Weave’s local scorers are a suite of small language models that run locally on your machine with minimal latency. These models evaluate the safety and quality of your AI system’s inputs, context, and outputs.
Some of these models are fine-tuned by Weights & Biases, while others are state-of-the-art open-source models trained by the community. Weights & Biases (W&B) Reports were used for training and evaluation. You can find the full details in this list of W&B Reports.
The model weights are publicly available in W&B Artifacts, and are automatically downloaded when you instantiate the scorer class. The artifact paths can be found here if you’d like to download them yourself: weave.scorers.default_models
The object returned by these scorers contains a passed boolean attribute indicating whether the input text is safe or high quality, as well as a metadata attribute that contains more detail such as the raw score from the model.

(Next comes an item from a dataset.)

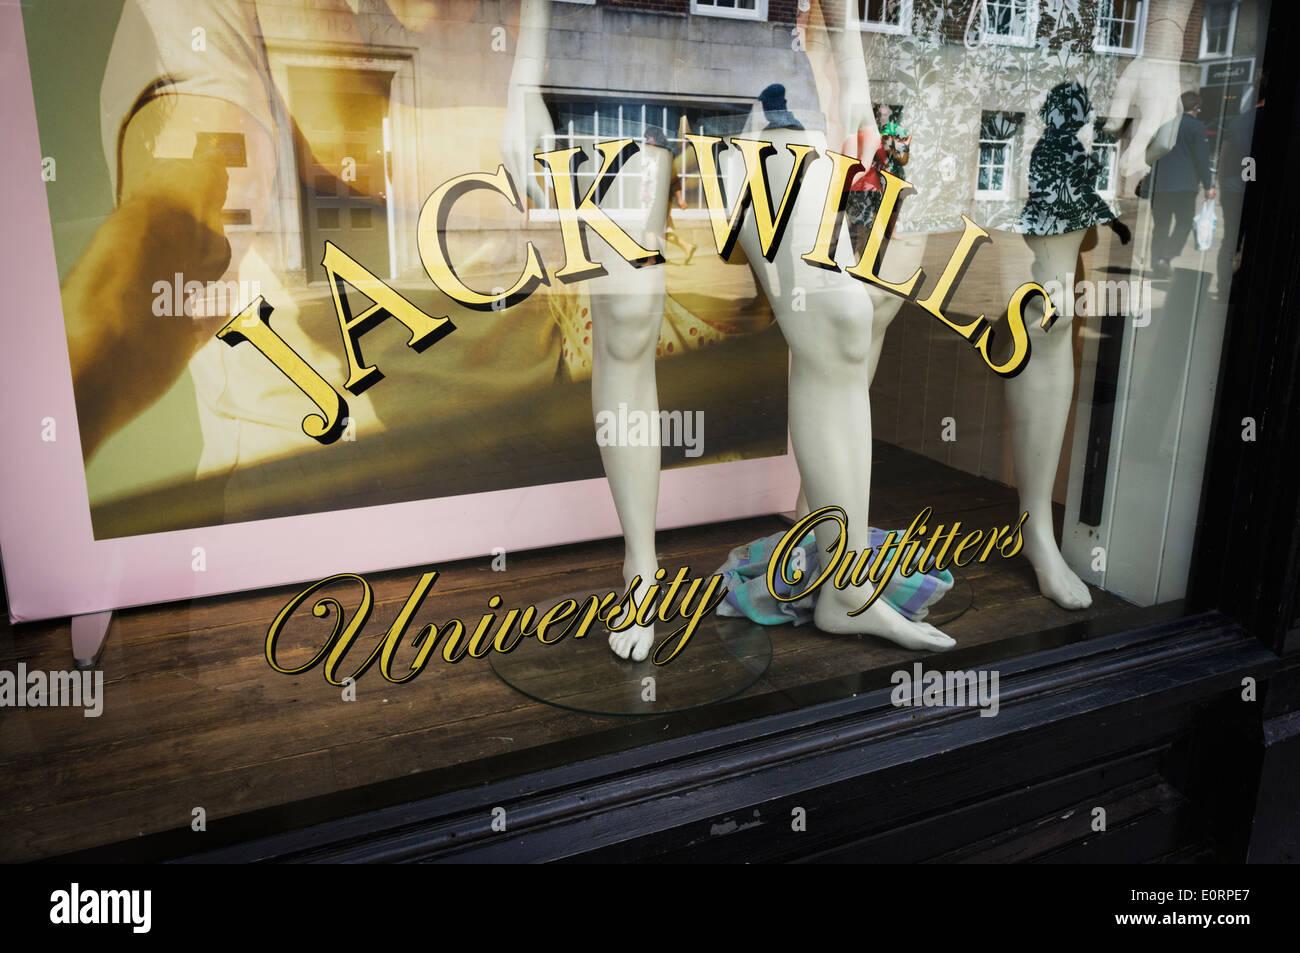 Jack Wills fashion clothing store, England, UK - Stock Image

While local scorers can be run on CPUs and GPUs, use GPUs for best performance.
Prerequisites
Before you can use Weave local scorers, install additional dependencies:pip install weave[scorers]
Select a scorer
The following local scorers are available. Select a scorer based on your use case.| Scorer | Scenario |
|---|
| WeaveToxicityScorerV1 | Identify toxic or harmful content in your AI system’s inputs and outputs, including hate speech or threats. |
| WeaveBiasScorerV1 | Detect biased or stereotypical content in your AI system’s inputs and outputs. Ideal for reducing harmful biases in generated text. |
| WeaveHallucinationScorerV1 | Identify whether your RAG system generates hallucinations in its output based on the input and context provided. |
| WeaveContextRelevanceScorerV1 | Measure whether the AI system’s output is relevant to the input and context provided. |
| WeaveCoherenceScorerV1 | Evaluate the coherence and logical structure of the AI system’s output. |
| WeaveFluencyScorerV1 | Measure whether the AI system’s output is fluent. |
| WeaveTrustScorerV1 | An aggregate scorer that leverages the toxicity, hallucination, context relevance, fluency, and coherence scorers. |
| PresidioScorer | Detect Personally Identifiable Information (PII) in your AI system’s inputs and outputs using the Presidio library from Microsoft. |
WeaveBiasScorerV1
This scorer assesses gender and race/origin bias along two dimensions:
- Race and Origin: Racism and bias against a country or region of origin, immigration status, ethnicity, etc.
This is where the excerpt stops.